Annual tree cover extent and loss
| Year | Tree cover extent (km2) | Annual tree cover loss (km2) |
|---|---|---|
| 2001 | 14,037.24 | 81.91 |
| 2002 | 13,957.13 | 80.11 |
| 2003 | 13,883.98 | 73.15 |
| 2004 | 13,799.80 | 84.18 |
| 2005 | 13,682.32 | 117.48 |
| 2006 | 13,533.56 | 148.76 |
| 2007 | 13,440.61 | 92.95 |
| 2008 | 13,386.34 | 54.27 |
| 2009 | 13,192.37 | 193.97 |
| 2010 | 13,126.09 | 66.28 |
| 2011 | 13,035.77 | 90.32 |
| 2012 | 12,897.86 | 137.91 |
| 2013 | 12,801.78 | 96.08 |
| 2014 | 12,705.64 | 96.14 |
| 2015 | 12,583.20 | 122.44 |
| 2016 | 12,473.94 | 109.26 |
| 2017 | 12,214.81 | 259.13 |
| 2018 | 12,149.40 | 65.41 |
| 2019 | 12,034.26 | 115.14 |
| 2020 | 11,972.25 | 62.01 |
| 2021 | 11,882.12 | 90.13 |
| 2022 | 11,799.86 | 82.26 |
| 2023 | 11,743.17 | 56.69 |
| 2024 | 11,684.83 | 58.34 |

== REDD+ reference level and monitoring ==
Under the UNFCCC REDD+ framework, Zimbabwe has submitted a national forest reference emission level (FREL). On the UNFCCC REDD+ Web Platform, the country's 2024 submission is listed as having an assessed reference level, while a national strategy, safeguards information and a national forest monitoring system are all listed as "not reported".
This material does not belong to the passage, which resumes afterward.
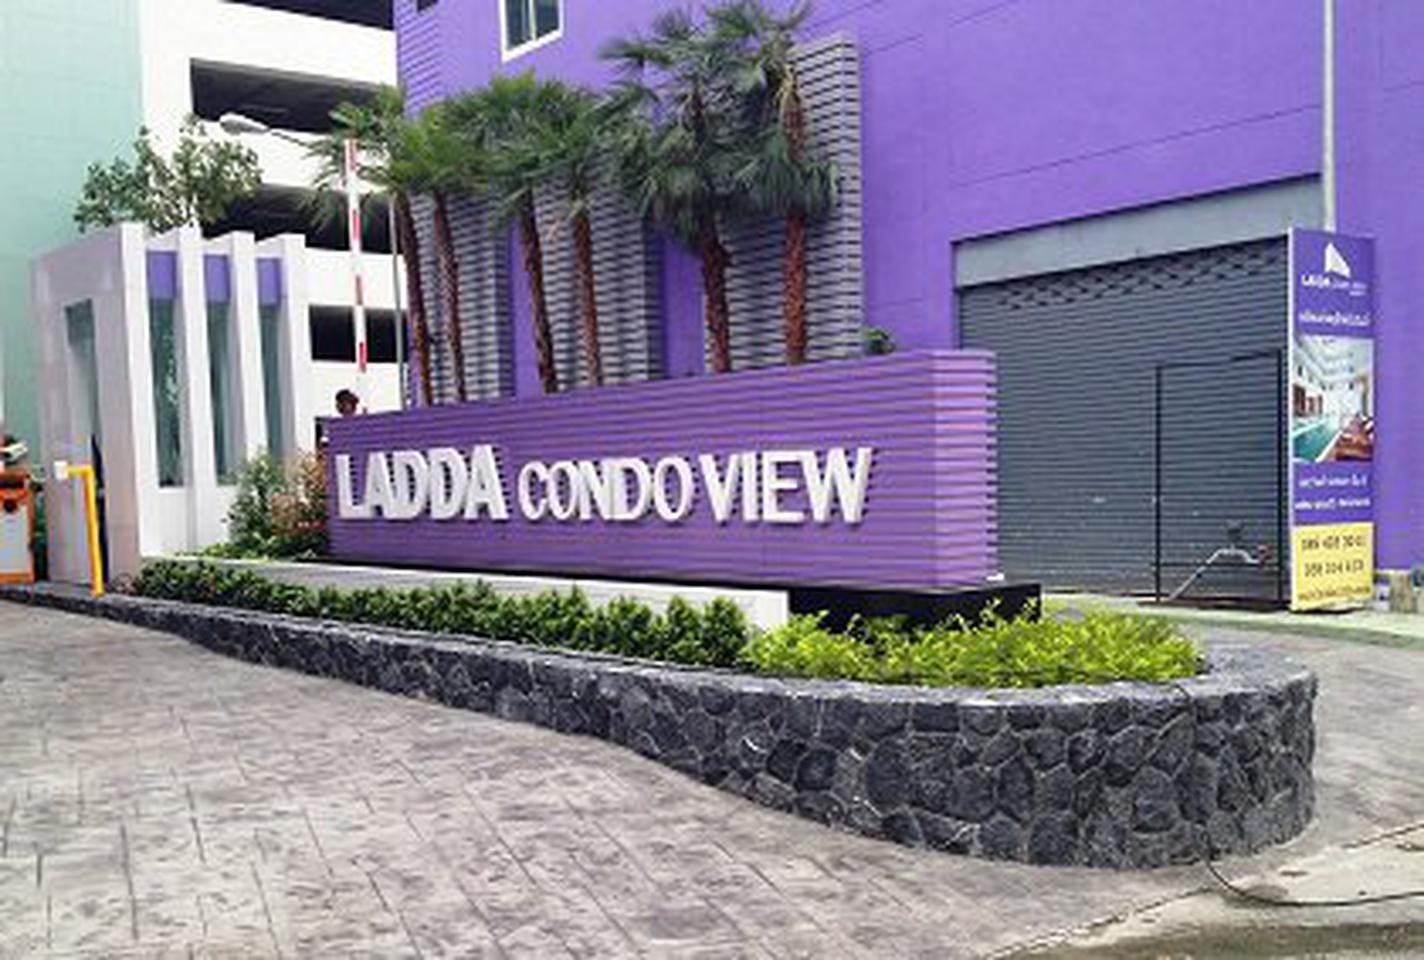 Ladda Condo View คอนโดให้เช่า ใจกลางศรีราชาของแท้ เดินทางง่าย ใกล้ทะเล วิวทะเล เห็นเกาะลอย  สิ่งอำนวยความสะดวกครบครัน รูปที่ 2

The first assessed FREL, submitted in 2024 and technically assessed the same year, covered the REDD+ activity "reducing emissions from deforestation" at national scale. Using a 2016-2021 reference period, the original submission proposed 4,255,249.2 t CO2 eq per year, revised during the technical assessment to an assessed FREL of 5,187,697.6 t CO2 eq per year. The technical assessment states that it represented the historical average of annual CO2 emissions from deforestation, included above-ground biomass and below-ground biomass, excluded deadwood, litter and soil organic carbon, and used a forest definition of at least 0.5 hectares, 10 percent canopy cover and trees capable of exceeding 5 metres in height; exotic and commercial tree plantations were excluded.